One Trump administration official declined to comment on a question of whether we had something to do with the missile failure. So did we do something? Was there an airborne (or maybe sub-carried if it surfaced) laser (or AESA-type beam) that could have struck the missile on launch without being detected?
Sure, there is some speculation out there that it might have been cyber interference, but if we did something I'm going to guess cyber is just the trendy plausible explanation put out to keep the real cause secret.
I did sketch out a layered anti-missile defense (that has only gotten better since that 2008 post) that included boost-phase counter-measures. Did we use one of those?
Putting pressure on North Korea would be served if they thought we were willing to strike if they did something and only the fact that they didn't do something (a successful missile test or a nuke test) held us off.

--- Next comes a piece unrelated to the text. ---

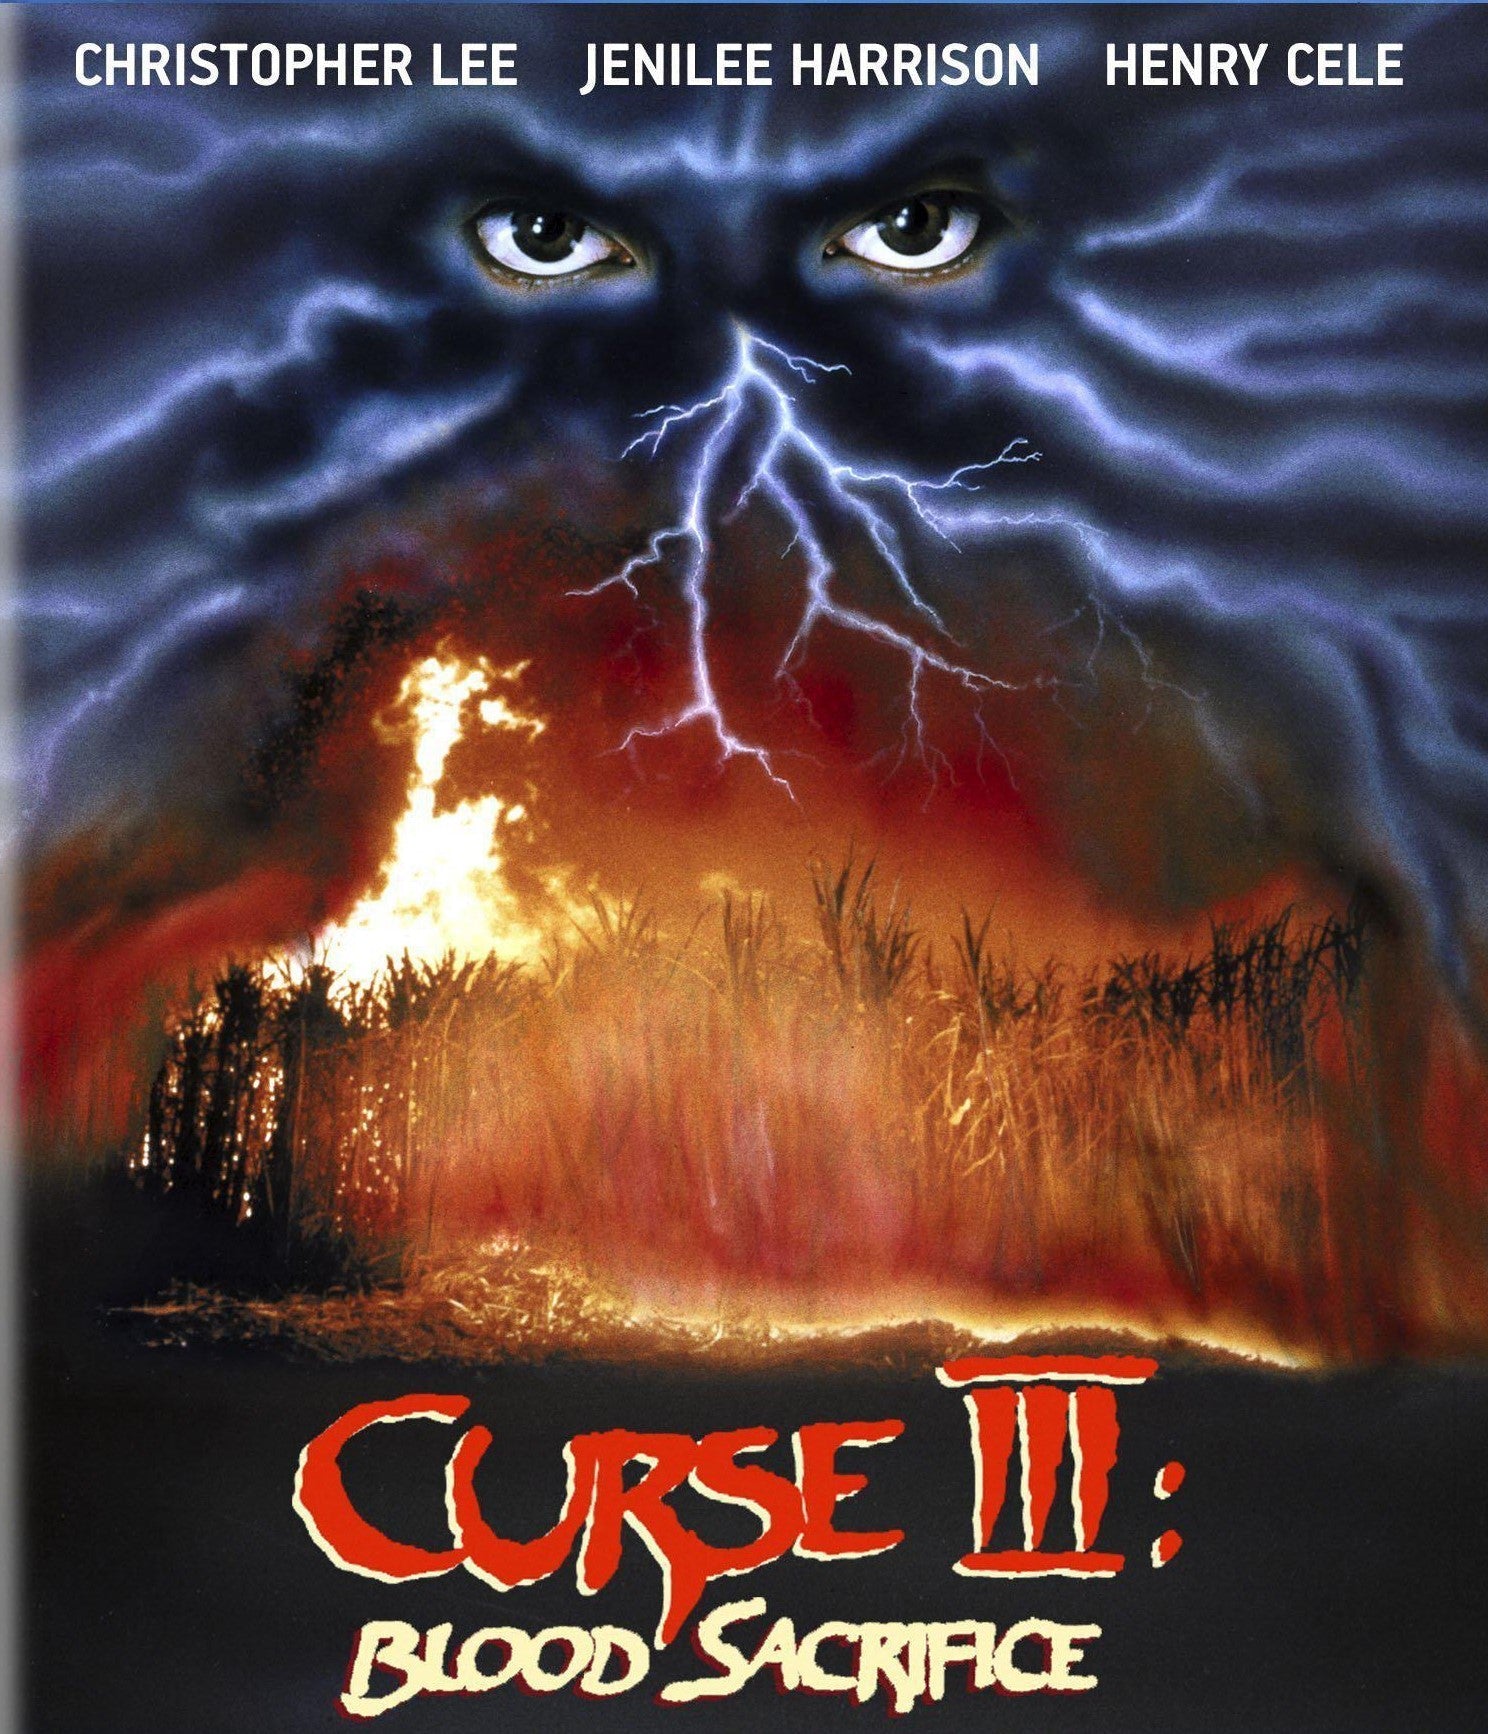 Curse Iii: Blood Sacrifice Blu-Ray Blu-Ray

Sheer, wild-eyed, no-evidence speculation on my part, of course. I don't even think I believe we could pull something like this off. But I do have a good imagination.
UPDATE: US-ROK air exercises (regularly scheduled Max Thnder) will continue for the balance of this month.
UPDATE: Completely unrelated news:
The directed energy weapon is “rapidly moving” from the conceptual to the practical, he said in late March. [Air Force LTG Brad] Webb recently visited MIT Lincoln Labs to view its advancements, and saw Naval Sea Systems Command Dahlgren’s latest efforts to network all of the various components within the aircraft.
He was impressed by the improvements that had been made.
Could we have an early version of the airborne laser that we were willing to use on the North Koreans?
Probably not. The simplest explanation for the North Korean missile test failure is that the technology is not developed yet.
And it doesn't hurt to make enemies wonder, I suppose.